The comparison has been performed against both a method obtained from a pharmaceutical packaging publication ( Kumar, G. P., & Prasad, P. B. (2014). Machine vision based quality control: importance in pharmaceutical Industry. International Journal of Computer Applications, 975, 8887.) and an industry-validated method. Additionally, a systematic review article ( Koponen, J., Haataja, K., & Toivanen, P. (2022). Recent advancements in machine vision methods for product code recognition: A systematic review. F1000Research, 11.) did not find an existing solution but identified a research gap regarding the state-of-the-art method in the pharmaceutical packaging field.

3. The authors may use instance or semantic segmentation, which will give better accuracy than the RCNN.

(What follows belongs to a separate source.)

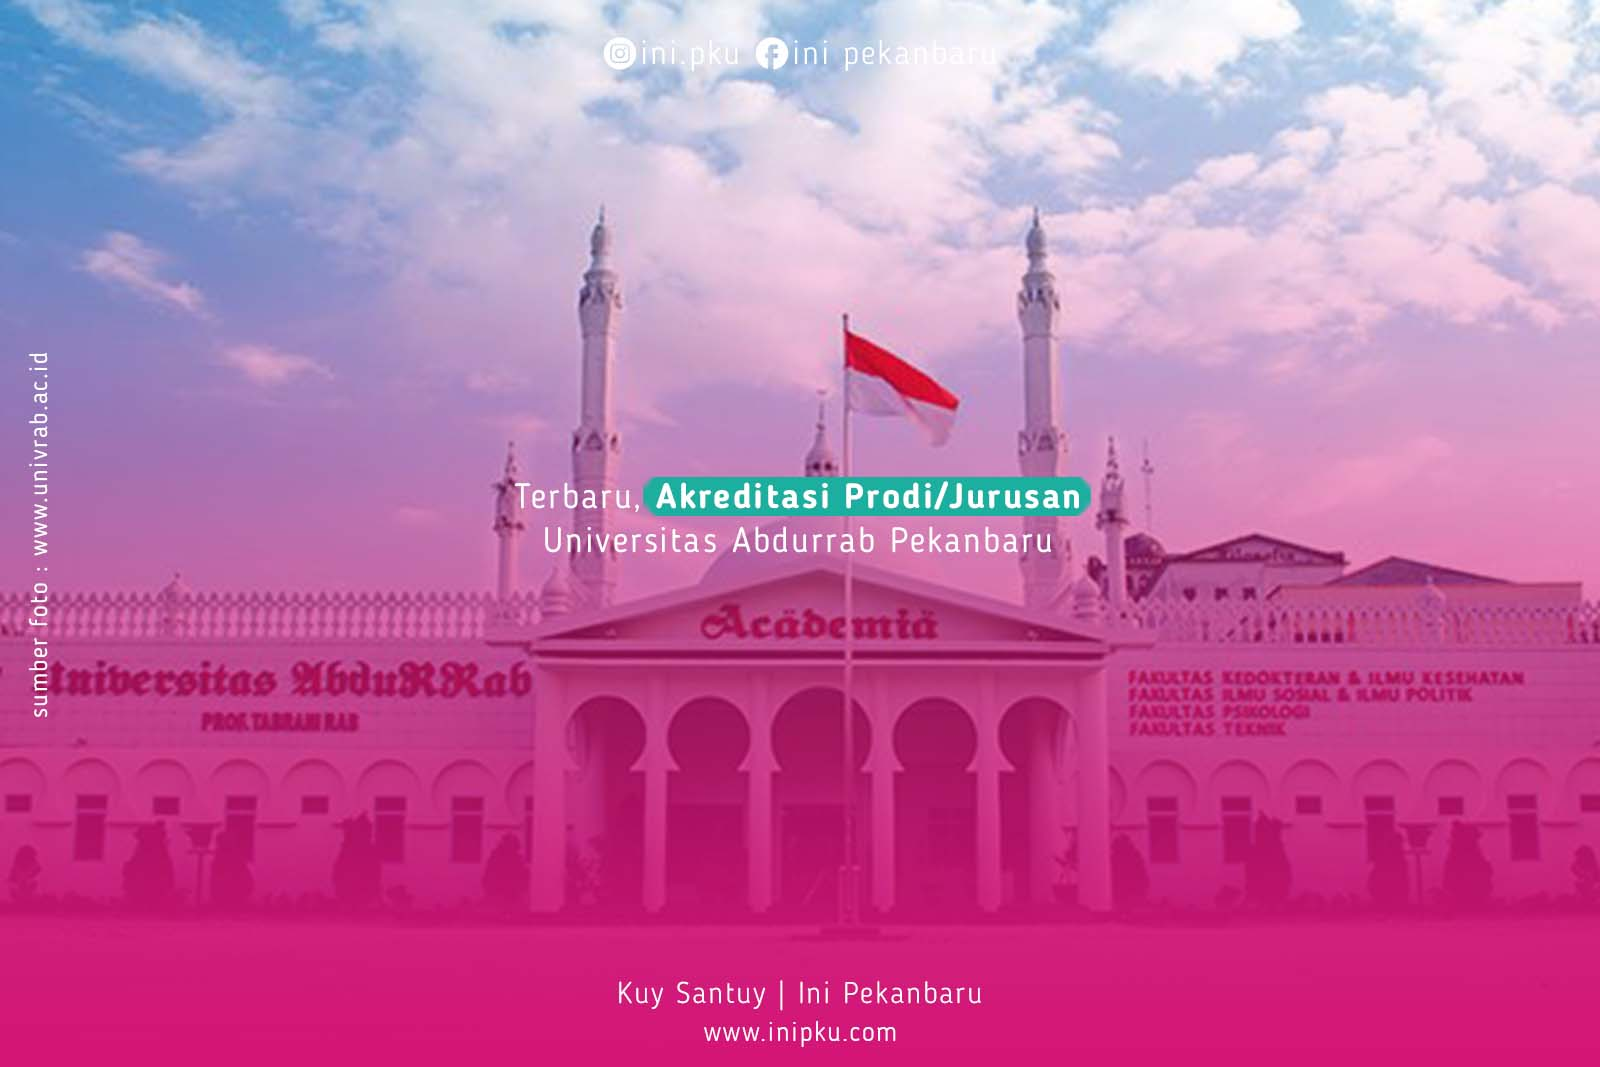 Terbaru, Akreditasi Prodi/Jurusan Universitas Abdurrab Pekanbaru
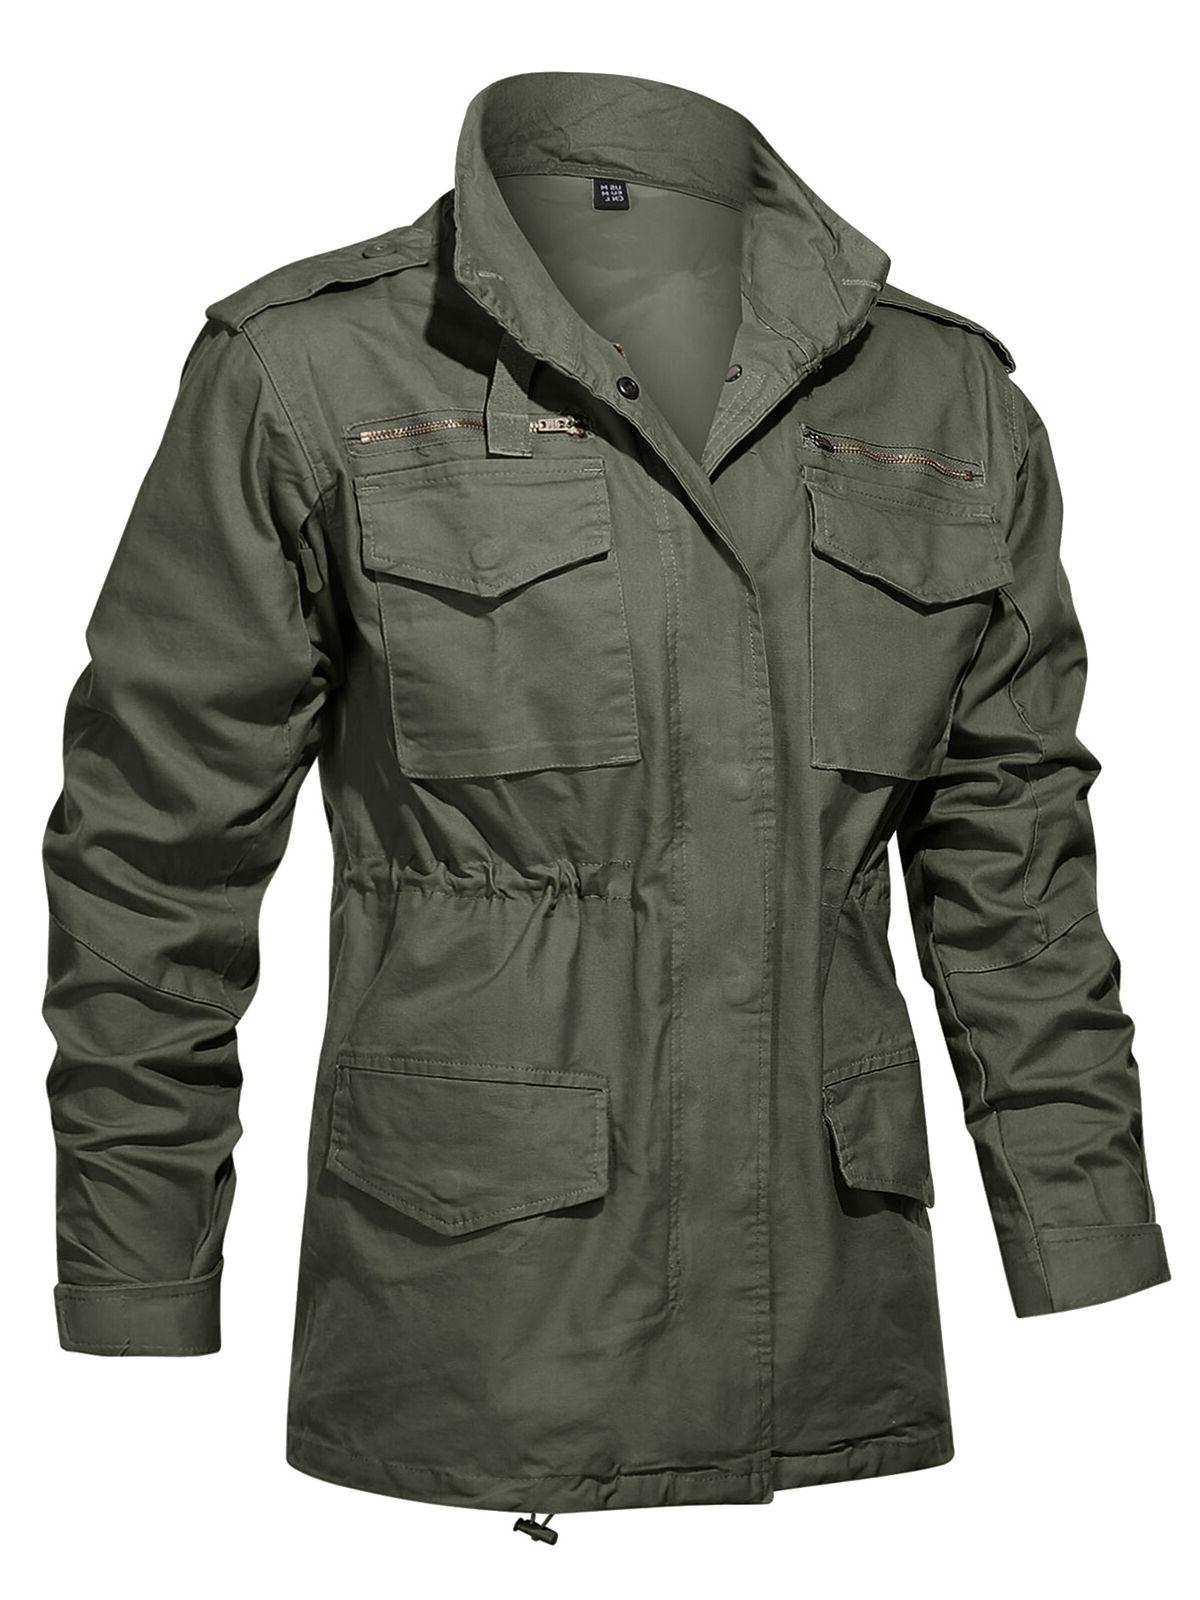 Military 65 Field Men's Tactical Windbreaker Clothes

Since OCR is proven to be in use in the pharmaceutical industry, we have not compared two new methods, but rather compared the new application to the previously used one. However, in a future study, we can compare this application using the Region CNN model to another application based on a different deep learning model.

4. Why the Recall and Accuracy values are very smaller than the Precision?

This feedback led to a thorough review and adaptation of the performance metrics. Now, the curve surpassing all threshold values enables evaluation with three relevant metrics.

5. The Alex-Net is a very old model and is not preferred nowadays. The authors may use a state-of-the-art pretrained model.

This is valuable feedback. However, although AlexNet and the Region CNN model are considered older, they contain beneficial features that are not present in newer members of the CNN family (Fast, Faster), such as a fixed size of 4096 feature vector for each region proposal.

6. The number of images in the dataset are very low. For this low data, RCNN model will not give better results.

This field of study, being new, is still in the development phase. The diagram of metrics added in the paper presents insights into the model's performance.

7. There are several English grammar mistakes.

I apologize for the errors. I have now corrected them.

Thank you again for your valuable feedback. I have taken it into account, and it has helped improve my skills.